## DESCRIPTION OF THE TASK
Give all the lines below again, exactly, with no pictures.

## DATASET SECTION
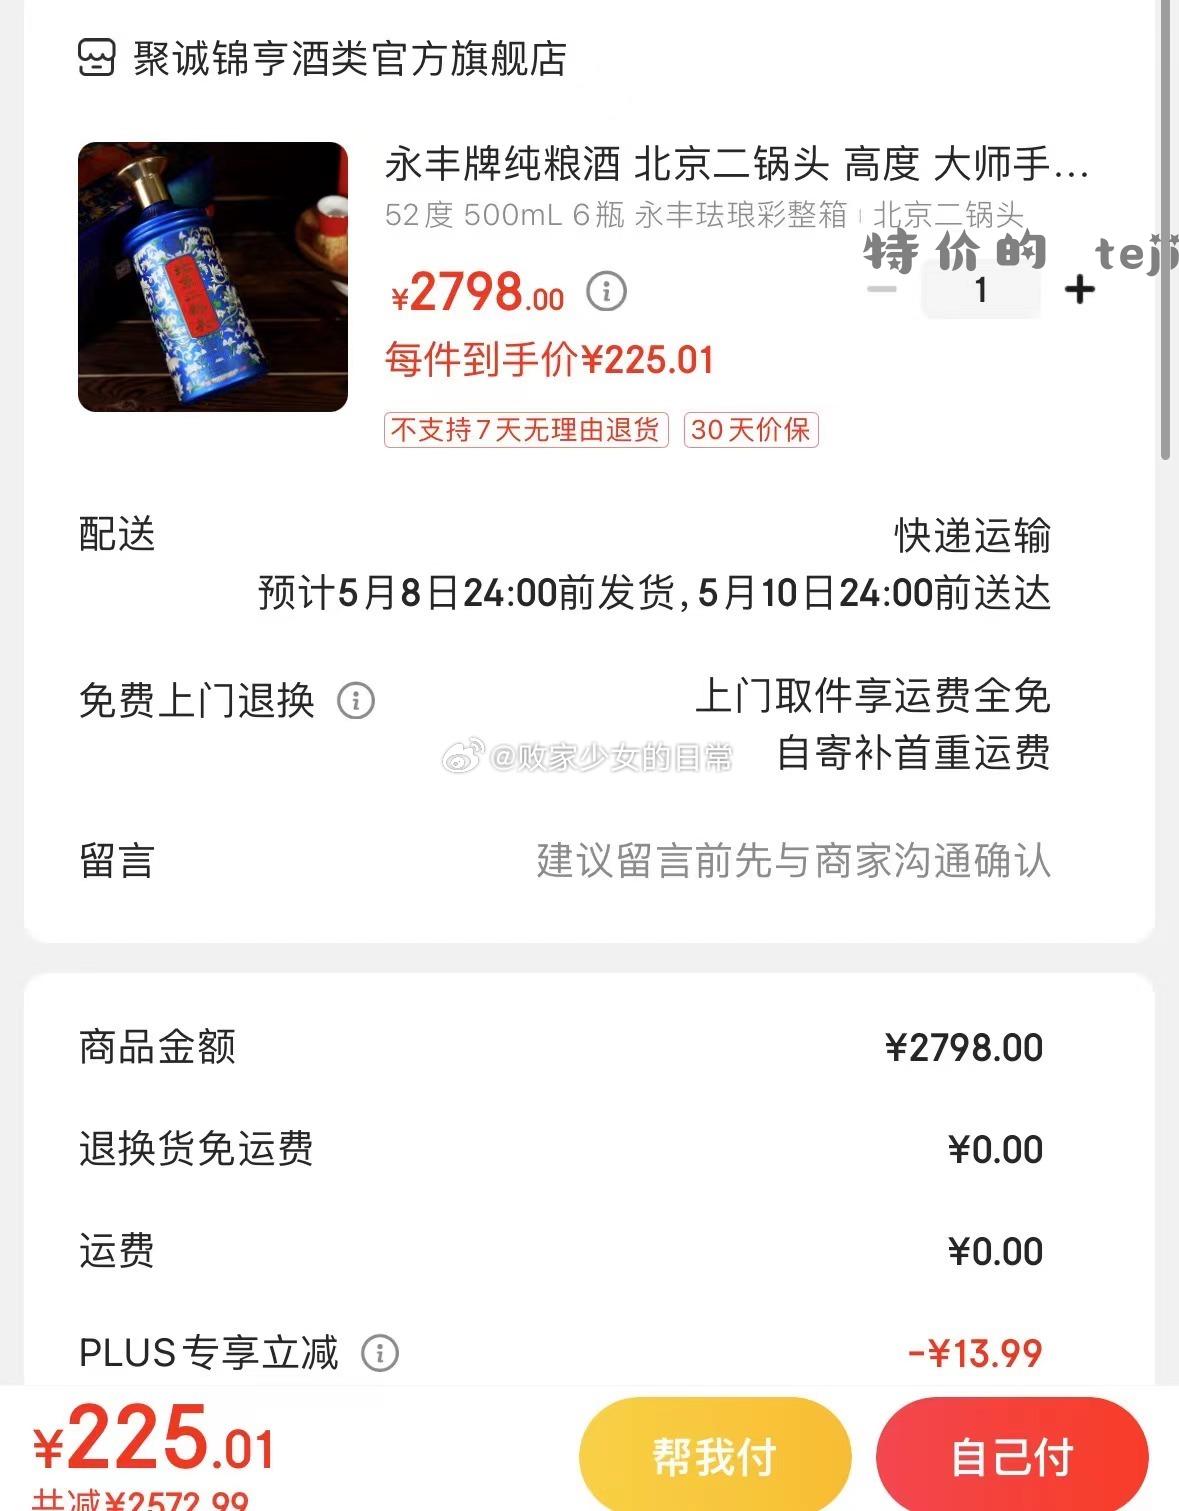 永丰牌纯粮酒 北京二锅头 高度 大师手酿 52度 500mL 2瓶 永丰珐琅彩双瓶 - 特价的
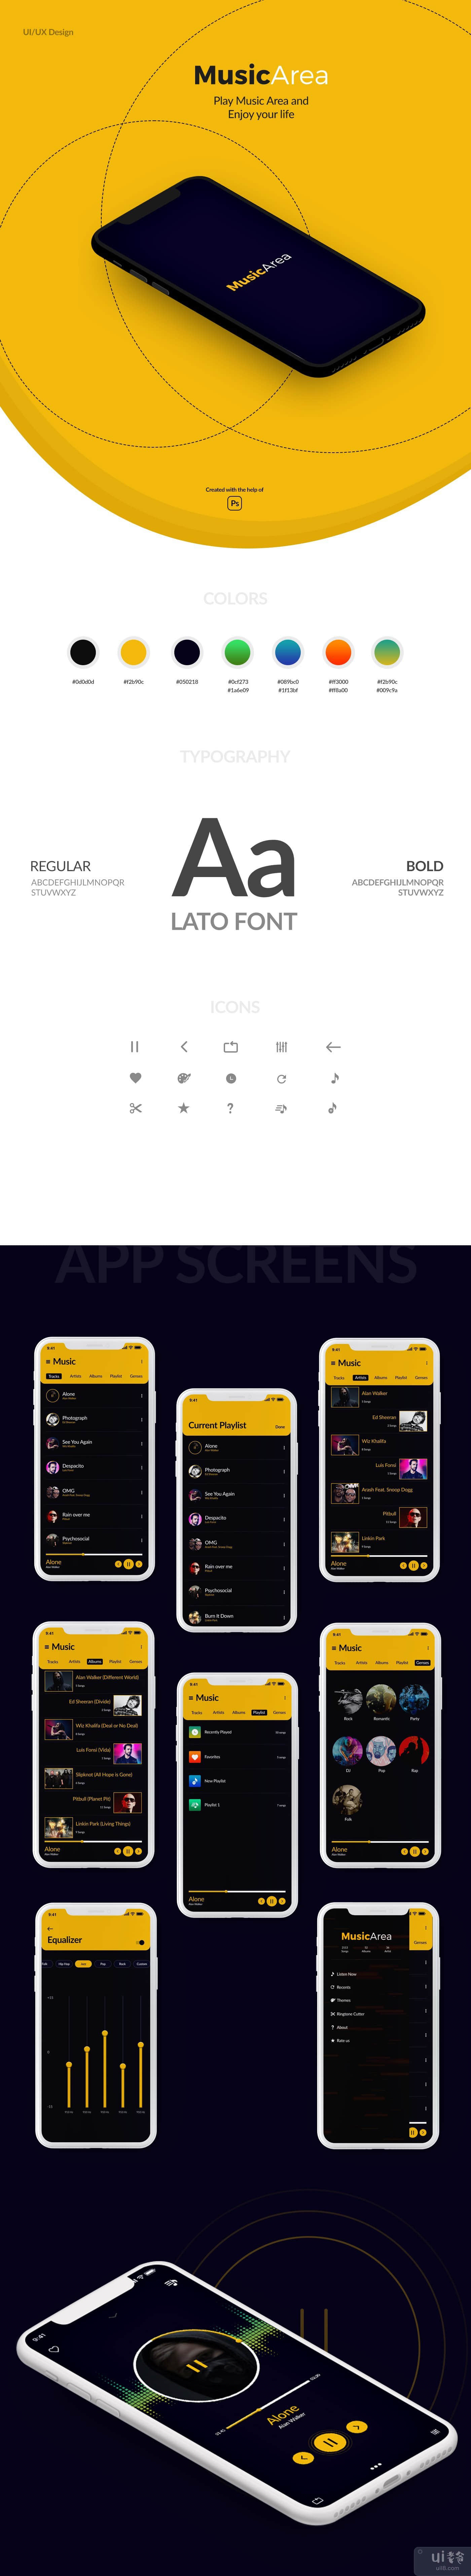 音乐应用界面设计(Music App UI Design)插图
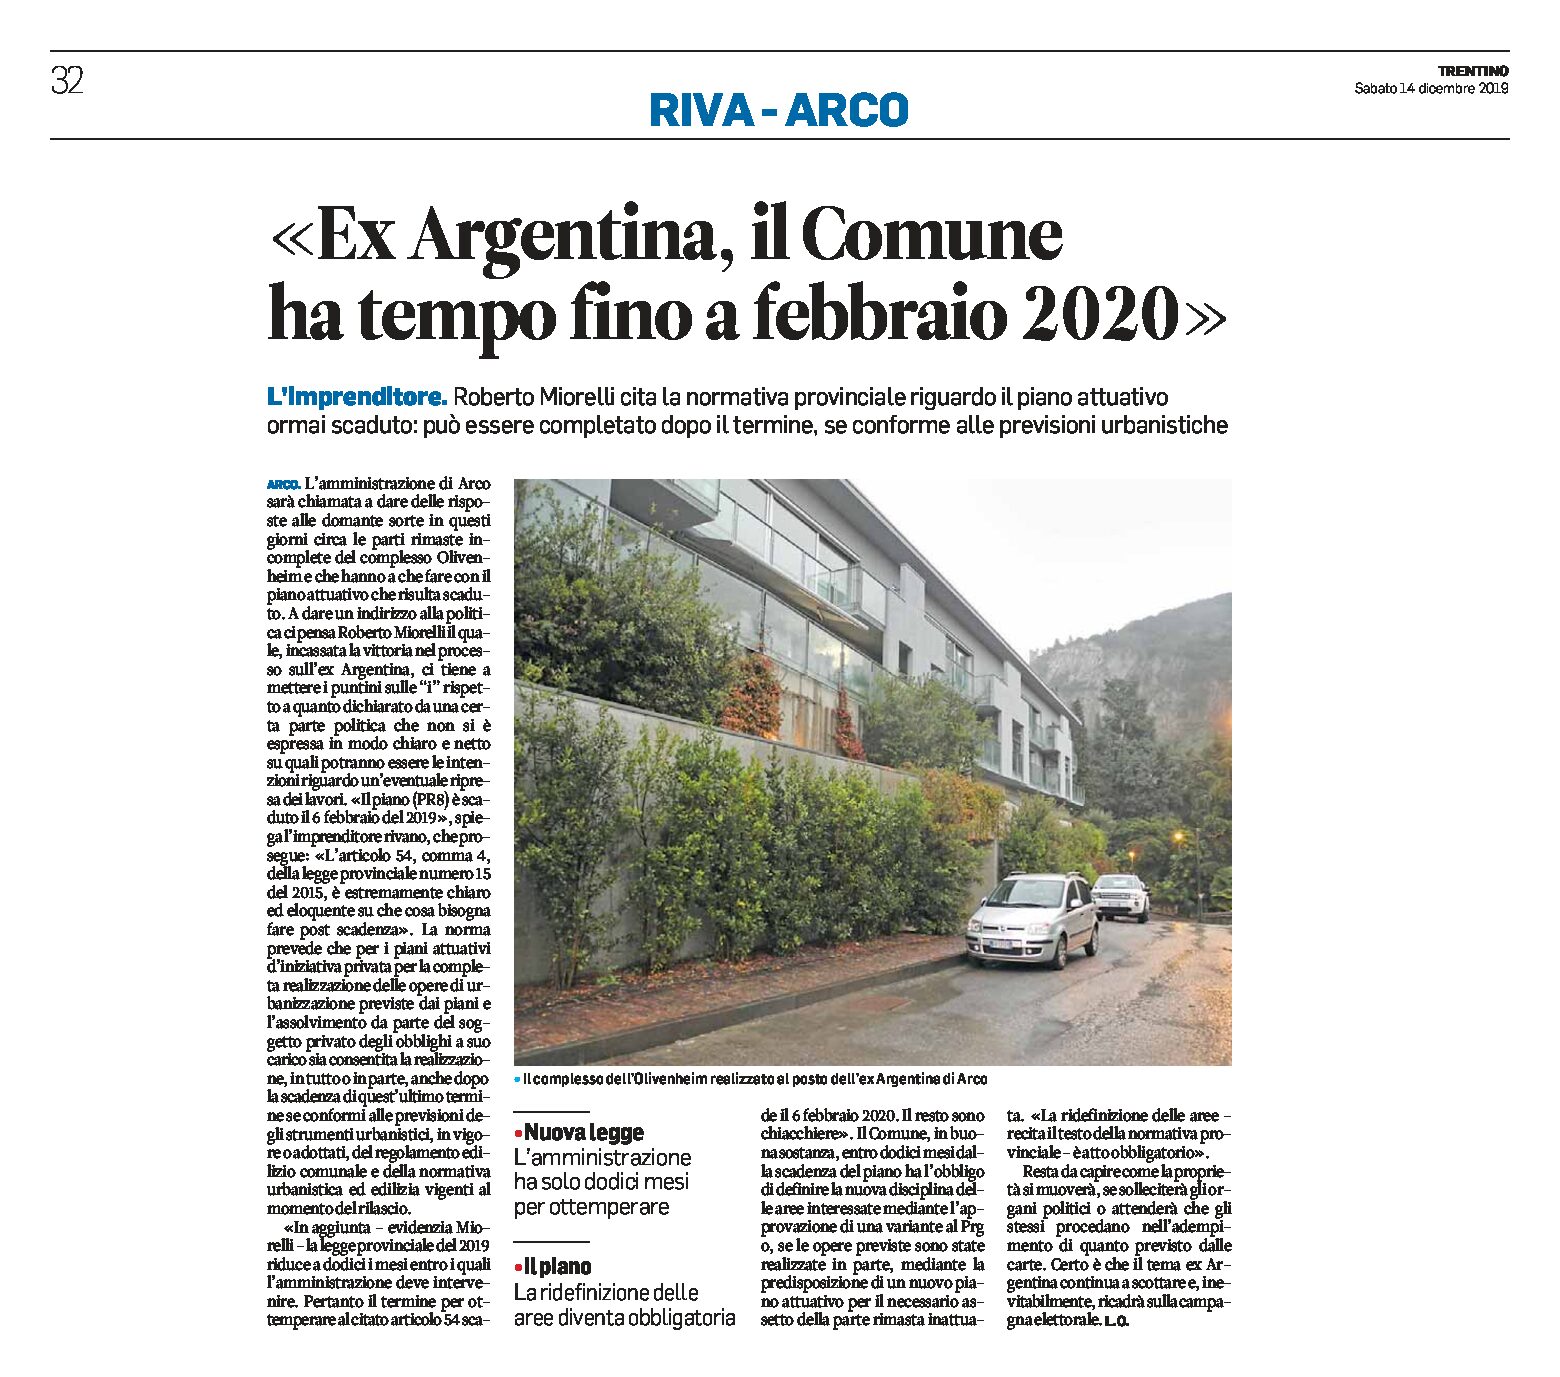 Arco, ex Argentina: il Comune ha tempo fino a febbraio 2020

## YOUR RESPONSE
 永丰牌纯粮酒 北京二锅头 高度 大师手酿 52度 500mL 2瓶 永丰珐琅彩双瓶 - 特价的
 音乐应用界面设计(Music App UI Design)插图
 Arco, ex Argentina: il Comune ha tempo fino a febbraio 2020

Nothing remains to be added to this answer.